More and more positive results of the research feedback of micro -surgery in diabetic foot micro -surgery have greatly alleviated the concerns of the failed to open the micro -opening opening in diabetic people. Therefore, the ability to achieve the final closing of the wound while retaining the bilateral function makes the micro -surgical rescue the ideal choice for the damaged limbs of diabetic patients.
<!-2586: Diabetic terminal page
However, since so far, the clear treatment of these patients is mainly limited to amputation of vascular or orthopedic surgery, and micro -surgical treatment has not yet become a conventional wound care method. In addition, early treatment is usually driven by drugs and internal secretions, and subsequent surgical therapy depends to a large extent depending on the referral mode and doctors. Therefore, the researchers believe that it is important that micro -surgeons should spread the benefits of conventional referrals to their colleagues early during the nursing process. In the case of promoting multi -disciplinary diabetic limbs, researchers are optimistic that on the basis of the crowd, it can significantly improve an amputation -free survival rate.
Multiple diabetes and poor blood glucose control are the risk factors of amputation after the limb surgery of ionized dermal flap limbs, but still have the opportunity to successfully protect their limbs.

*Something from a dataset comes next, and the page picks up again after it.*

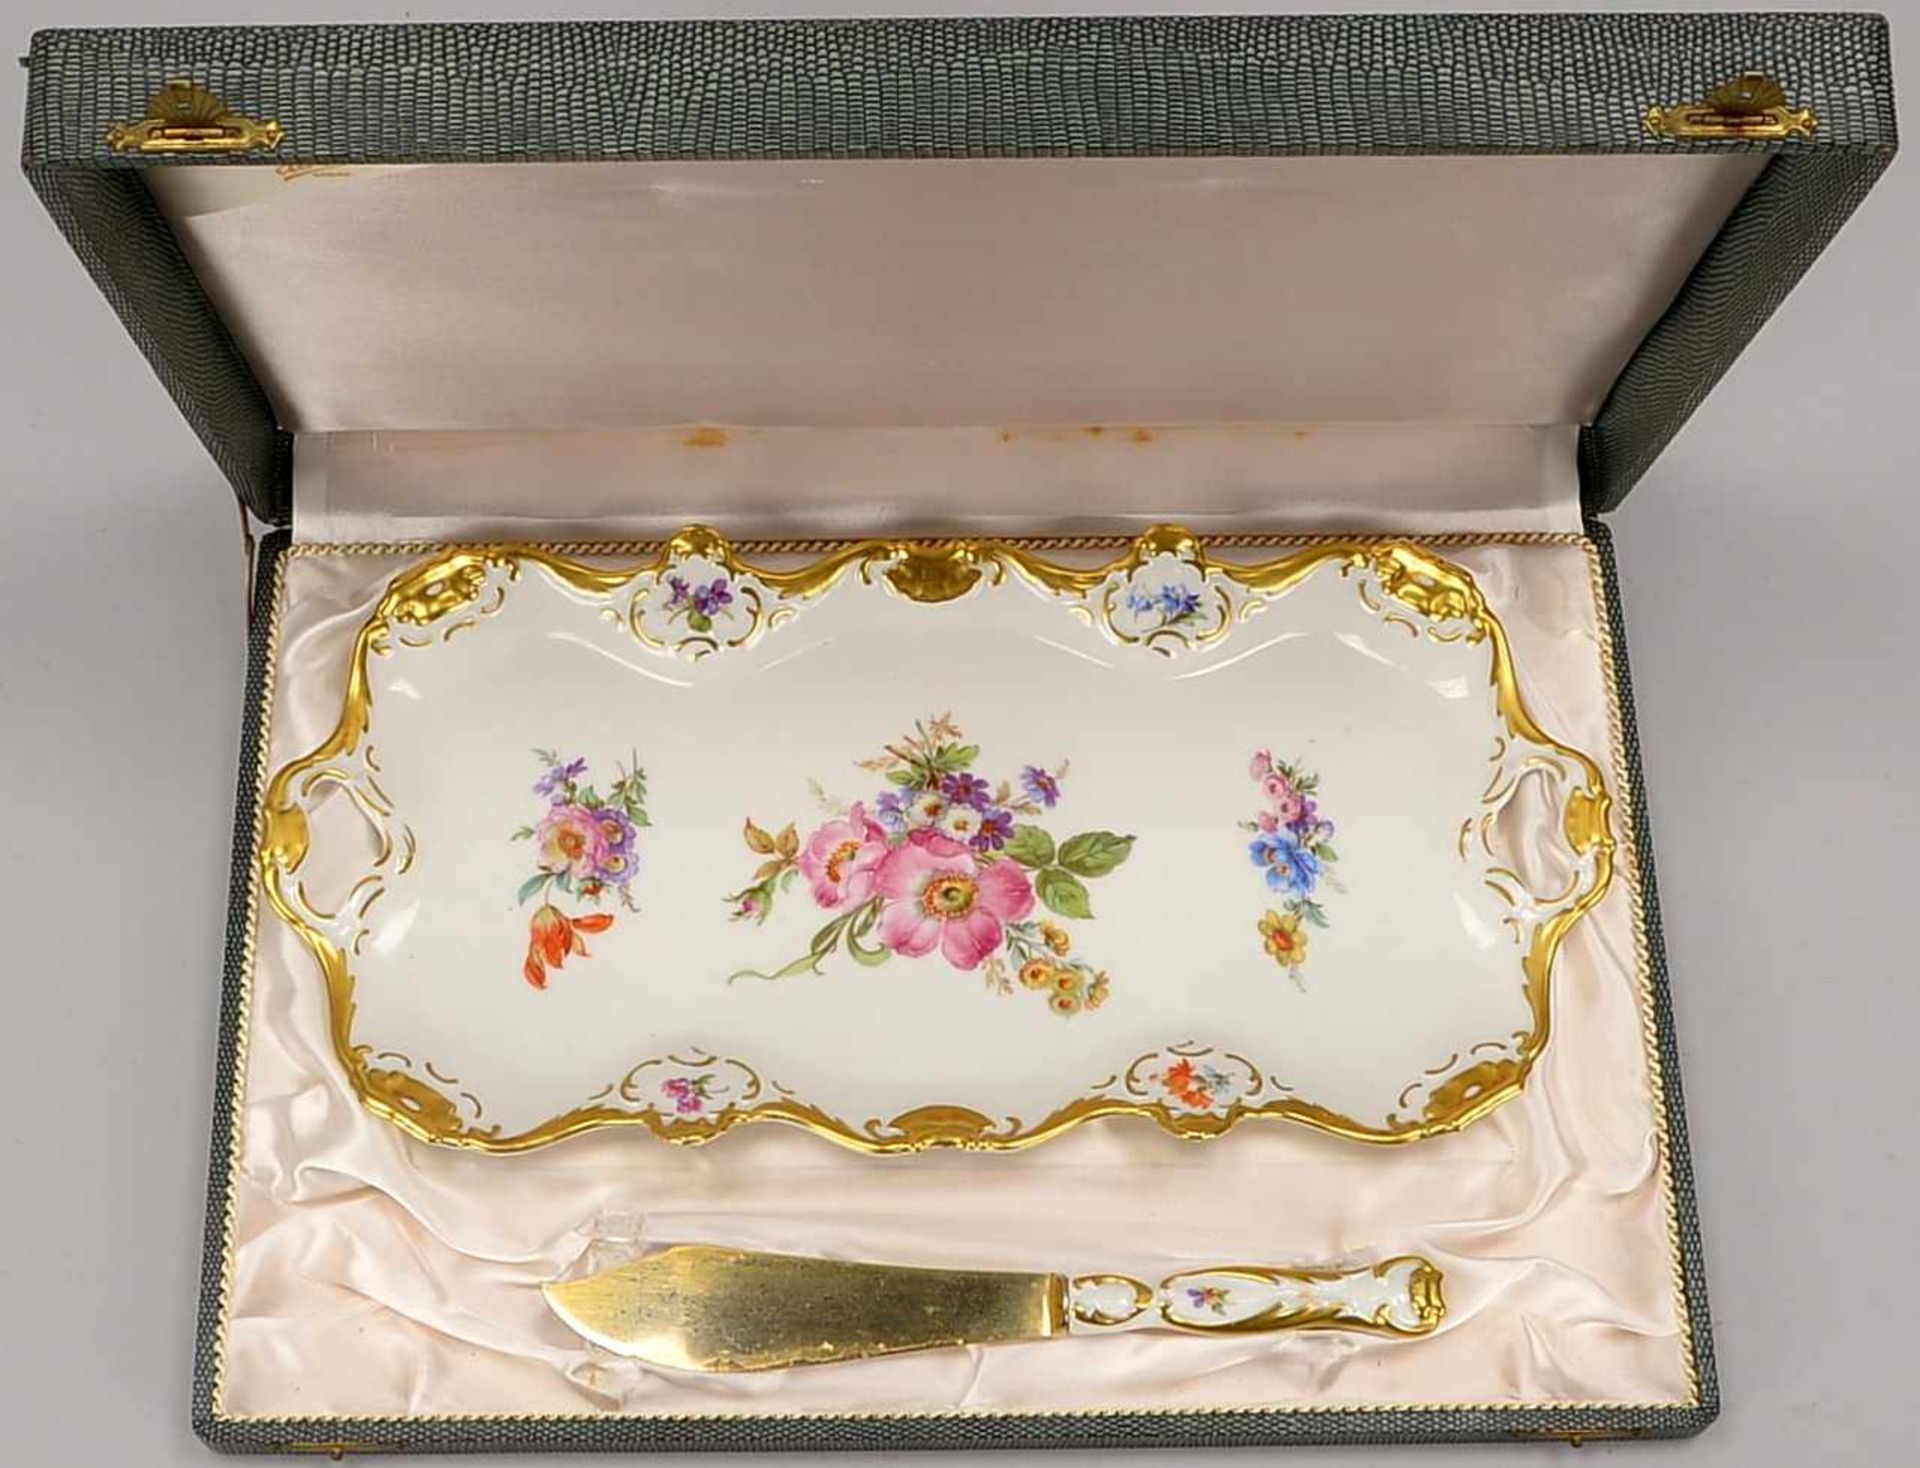 Bavaria Porzellan, Königskuchenplatte, mit Blumendekor und reichem Golddekor, Platte mit 2x - Bild 2 aus 3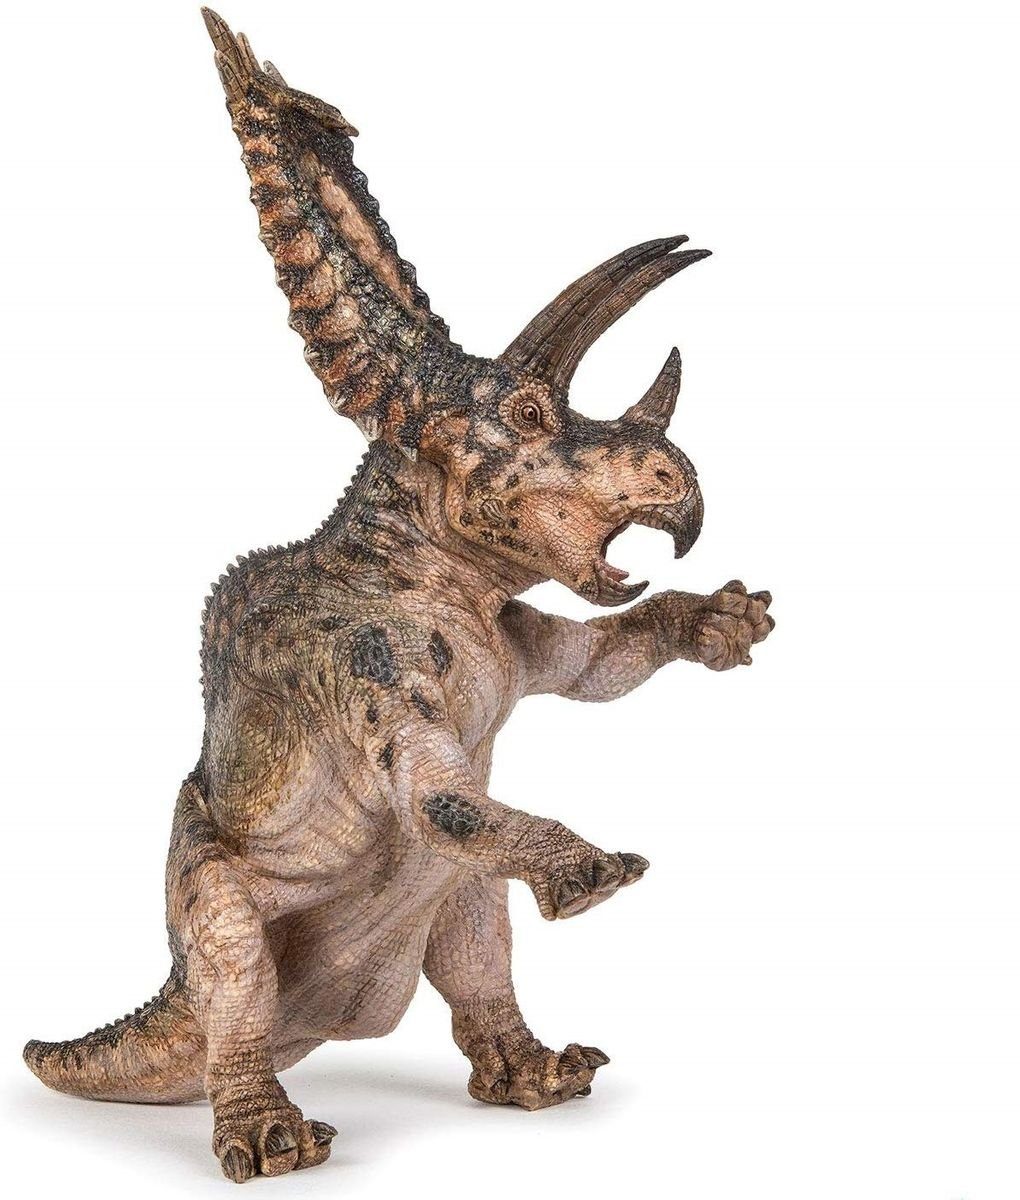 papo Spielfigur Pentaceratops Dinosaurier - 18 cm hoch

In plastic surgery, the situation of diabetic patients that have no healing wounds is through early installation of prosthetic limb and positive rehabilitation training, or the method of multi -step reconstruction or amputation. There have been controversy. Considering the financial, medical, and social impacts of these two ways of nursing, accurate risk stratification and patient selection are essential. Through reporting the first large -scale micro -surgical surgery series dedicated to amputation risk assessment, researchers hope to improve the decision -making period of perioperative surgery and optimize the quality of life of patients.